I have had a bigger version and they work well with one minor exception. If your guide bushing is not perfectly centered on the base plate in relation to the center of the bits a small misalignment can occur when you change from the dovetail bit to the straight bit. 
Set up can be fussy. It seems like ever time I used mine I had to go back to the instructions.


----------



## nickbatz (Mar 7, 2018)

Okay, thanks everyone.

LittleBlackDuck, I have good dovetail bits - straight and dovetail. Interestingly, the General Dovetailer II I have uses just a 1/2" dovetail bit for pins and tails (half blind).

Not worried about sawdust - I do this outside. But yeah, I know very well how much sawdust routing creates.

Also not worried about wasting the money. I can always sell it. What appeals to me is the 24" capacity + ability to space the joints where you want them.


----------



## nickbatz (Mar 7, 2018)

> I have had a bigger version and they work well with one minor exception. If your guide bushing is not perfectly centered on the base plate in relation to the center of the bits a small misalignment can occur when you change from the dovetail bit to the straight bit.
> Set up can be fussy.

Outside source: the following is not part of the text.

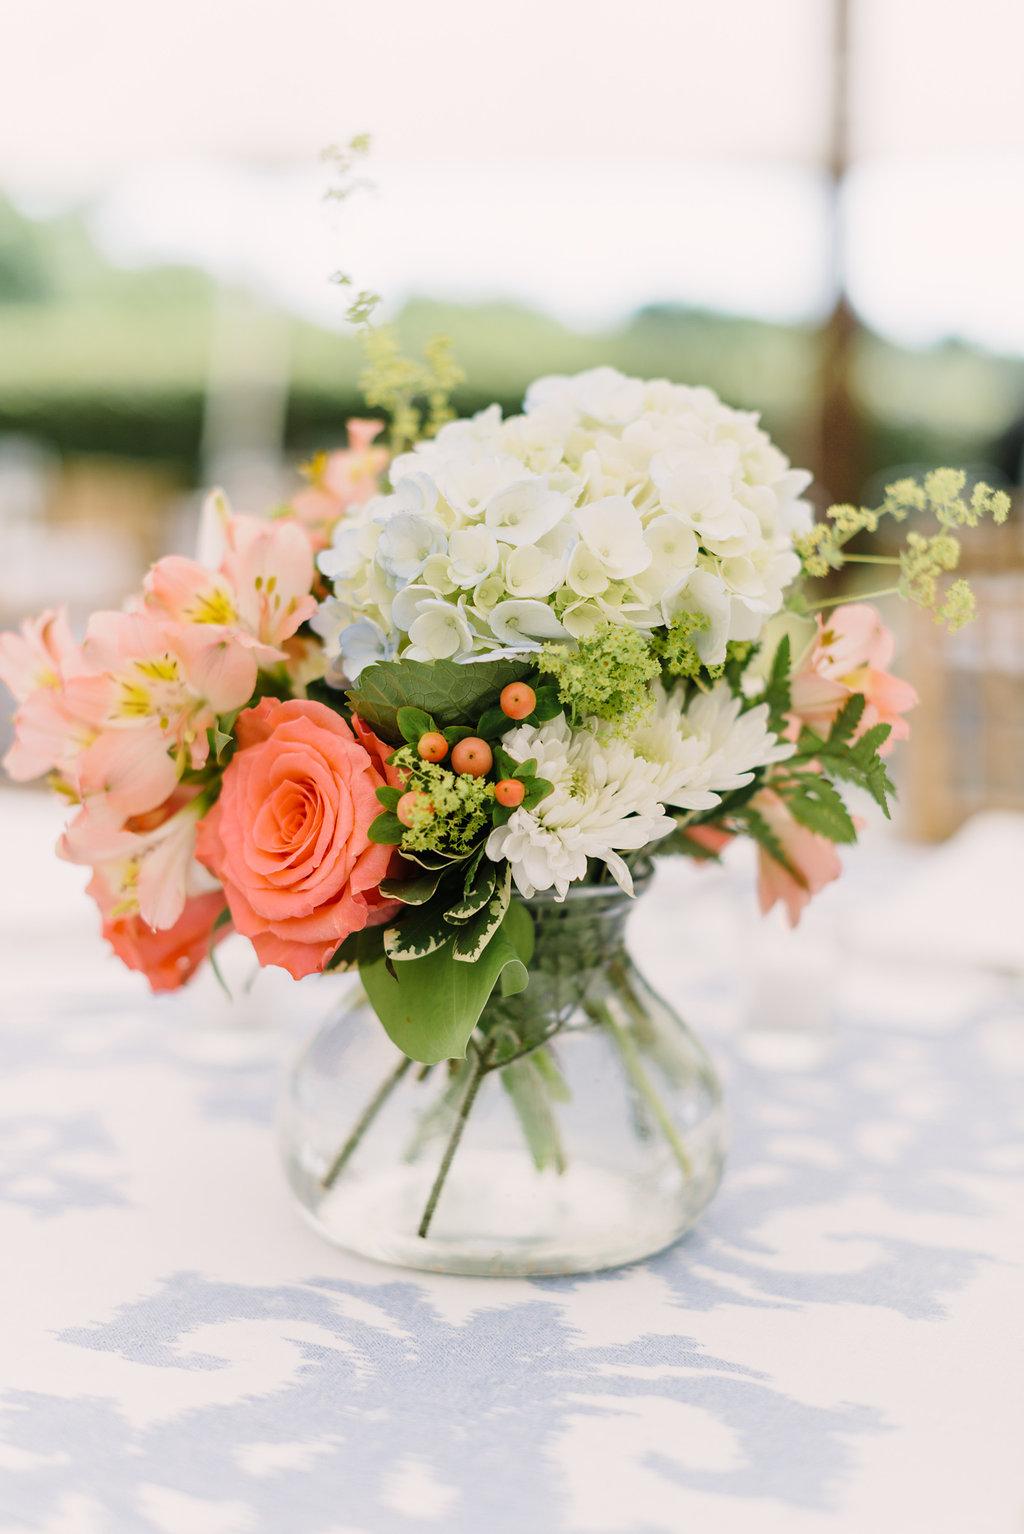 Cameron-Powel-Wes-Mize-wedding-20160618-467.jpg

It seems like ever time I used mine I had to go back to the instructions.
> 
> - LesB


Sounds like I'd be best off using two routers.


----------



## LesB (Dec 21, 2008)

I don't think two routers would help. The problem is the very slight change that occurs if the template guide does not feed into the fingers in exactly the same position relative to the center of the router but. There is always a little bit of "play" in how the template guide fits into the baseplate. So with two routers the template guide is bound to be ever so lightly off center in a different way. 
Hope that is clear???

Sounds like I d be best off using two routers.

- nickbatz
[/QUOTE]


----------



## JohnDon (Mar 14, 2015)

The instructions online are much more rudimentary than those for later Leigh jigs. The shims seem to serve to adjust the distance of the pin piece from the fingers, thereby altering the size of the pins. Newer versions move the whole finger assembly toward or away from the pin piece. If they aren't included, I'd contact Leigh for info in dimensions, if you want to make your own. Note also, that the dovetail bit is specific for Leigh jigs: 7 degree, to match the fingers. Two routers- one for the straight bit, one for the dovetail- make setup and cutting much easier- a small difference in the cutting depth can really make a difference in fit. Swapping back and forth makes reproducible cuts a lot harder, at least for me.


----------



## nickbatz (Mar 7, 2018)

> I don t think two routers would help. The problem is the very slight change that occurs if the template guide does not feed into the fingers in exactly the same position relative to the center of the router but. There is always a little bit of "play" in how the template guide fits into the baseplate. So with two routers the template guide is bound to be ever so lightly off center in a different way.
> Hope that is clear???
> 
> Sounds like I d be best off using two routers.
> ...


It's clear, and I don't doubt what you're saying, but these routers both came with alignment tools to center them to the baseplate. Is that not enough?


----------



## LittleBlackDuck (Feb 26, 2016)

> Also not worried about wasting the money. I can always sell it. What appeals to me is the 24" capacity + ability to space the joints where you want them.
> - nickbatz


Without beating a dead horse… then I thoroughly recommend a much closer look at the *D4R*... if 24" capacity appeals, the *D4R* would have many other features that'll tickle your fancy… it did mine, and I'm still giggling after 12 years of use.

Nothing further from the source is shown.